Import["tabular_dataset", {"ArrowDataset", "Dataset", All, {"Tree Species", "Diameter at Breast Height (in Feet)"}}, "Partitioning" -> "Hive"]

"Dimensions" (1)

Import data dimensions:

Wolfram Language code: Import["tabular_dataset", {"ArrowDataset", "Dimensions"}, "Partitioning" -> "Hive"]

"EventSeries" (1)

Export a Tabular object as an ArrowDataset:

Wolfram Language code:

Export["sales_dataset", ResourceData["Sample Tabular Data: Sales Data"], "ArrowDataset", "SplitColumns" -> "Product", OverwriteTarget -> True]

Import an ArrowDataset as an EventSeries:

Wolfram Language code: Import["sales_dataset", {"ArrowDataset", "EventSeries"}, "Partitioning" -> "Hive"]

Import a single row from an ArrowDataset:

Wolfram Language code: Import["sales_dataset", {"ArrowDataset", "EventSeries", 5}, "Partitioning" -> "Hive"]

Import some specific rows from an ArrowDataset:

Wolfram Language code: Import["sales_dataset", {"ArrowDataset", "EventSeries", {1, 5, 7}}, "Partitioning" -> "Hive"]

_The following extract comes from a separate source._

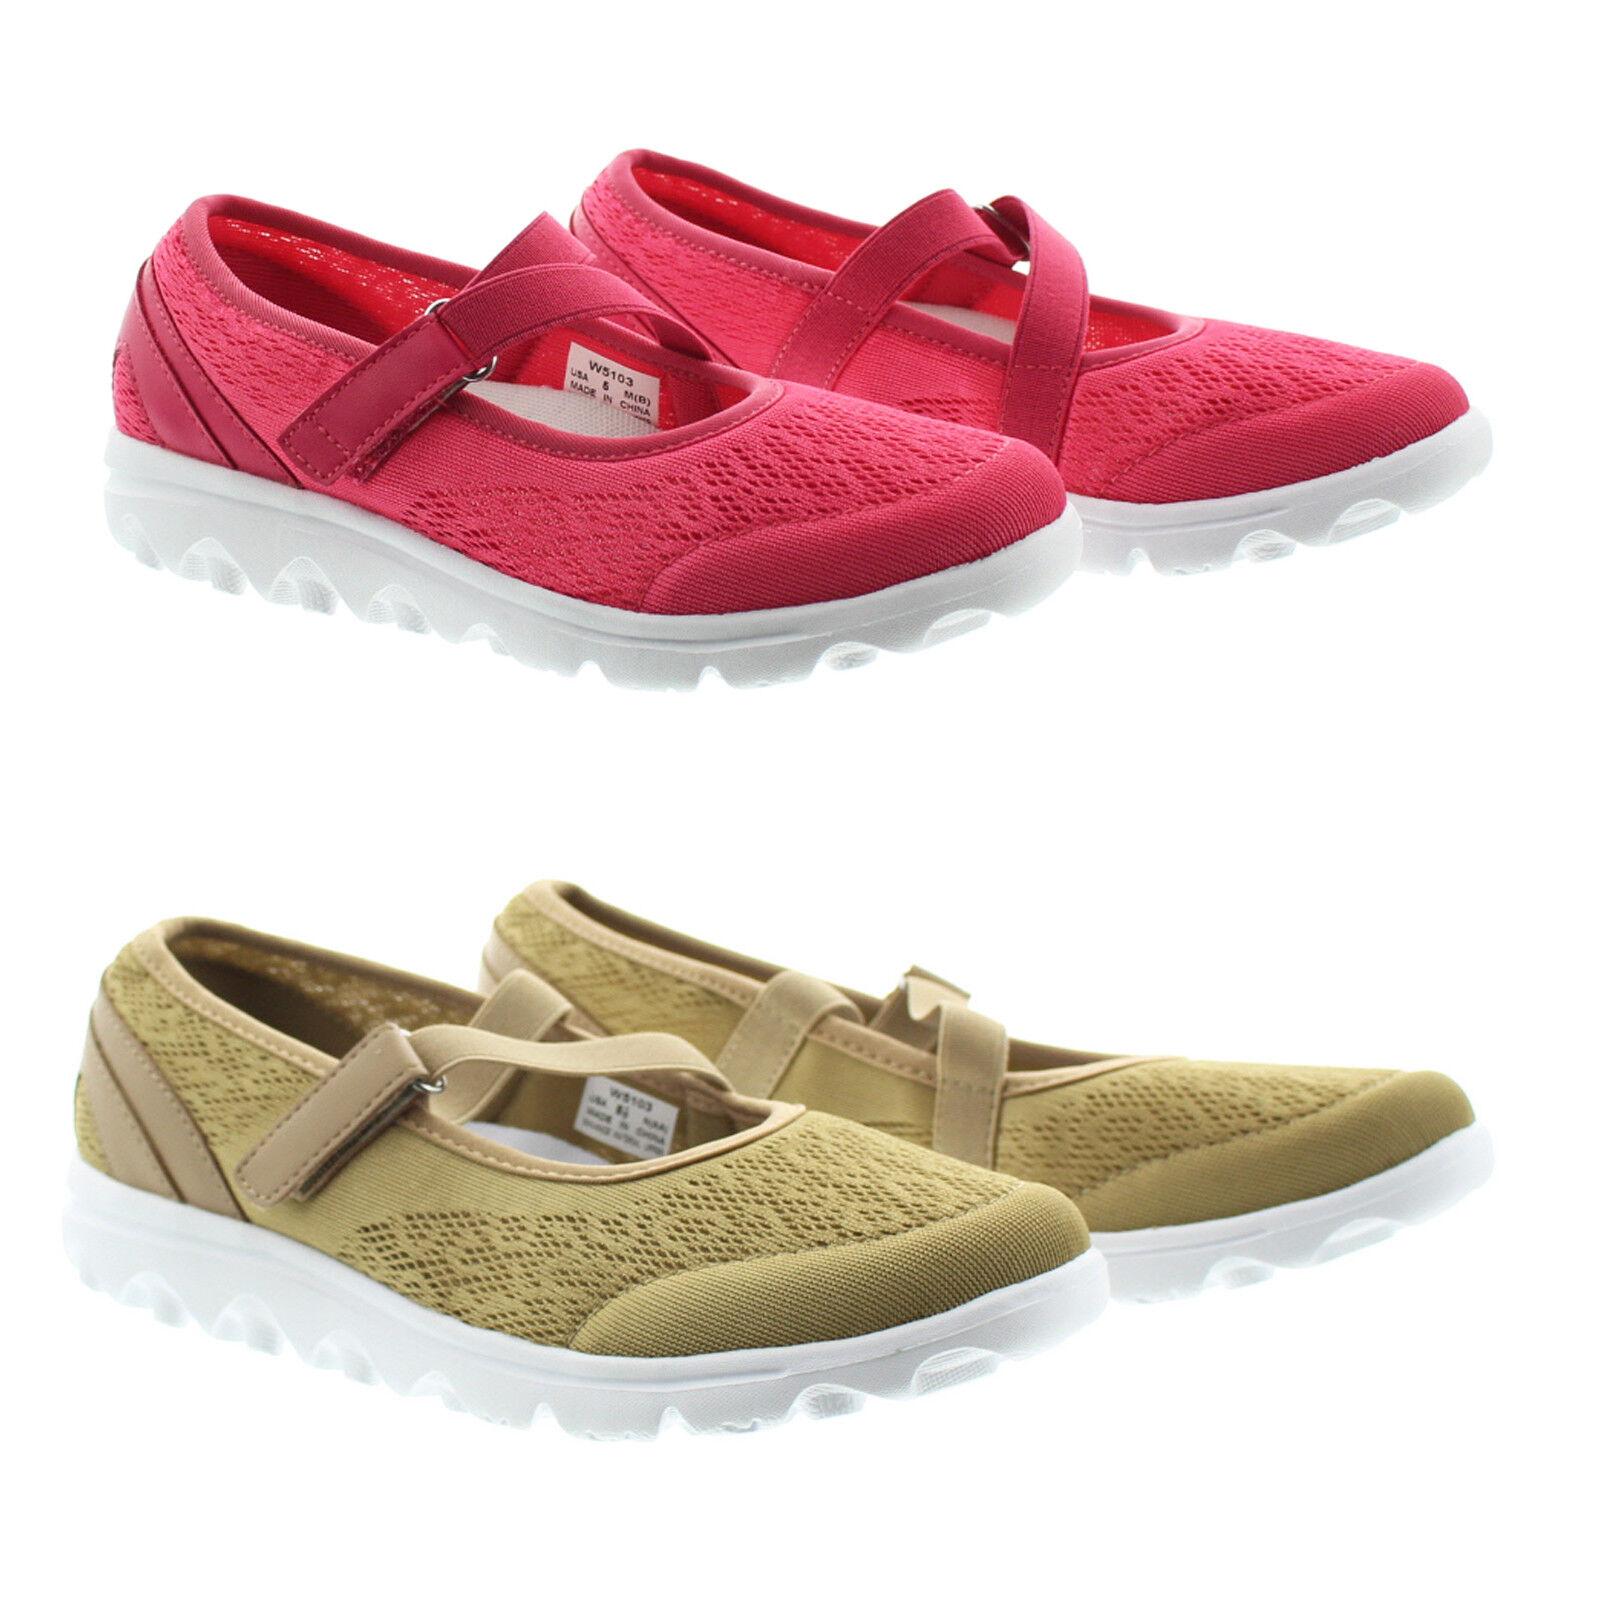 Propet W5103 Womens TravelActiv Mary Jane Fashion Sneaker Walker shoes

Import the first 10 rows of an ArrowDataset:

Wolfram Language code: Import["sales_dataset", {"ArrowDataset", "EventSeries", 1 ;; 10}, "Partitioning" -> "Hive"]

Import only selected columns using column names:

Wolfram Language code: Import["sales_dataset", {"ArrowDataset", "EventSeries", All, {"Product", "Date", "Quantity"}}, "Partitioning" -> "Hive"]

"MetaInformation" (1)

Import metadata:

Wolfram Language code: Import["tabular_dataset", {"ArrowDataset", "MetaInformation"}, "Partitioning" -> "Hive"]

"RowCount" (1)

Get the number of rows:

Wolfram Language code: Import["tabular_dataset", {"ArrowDataset", "RowCount"}, "Partitioning" -> "Hive"]

"Schema" (1)

Get the TabularSchema object:

Wolfram Language code: Import["tabular_dataset", {"ArrowDataset", "Schema"}, "Partitioning" -> "Hive"]

"Summary" (1)

Get the file summary:

Wolfram Language code: Import["tabular_dataset", {"ArrowDataset", "Summary"}, "Partitioning" -> "Hive"]

"Tabular" (3)

Get the data from a file as a Tabular object:

Wolfram Language code: Import["tabular_dataset", {"ArrowDataset", "Tabular"}, "Partitioning" -> "Hive"]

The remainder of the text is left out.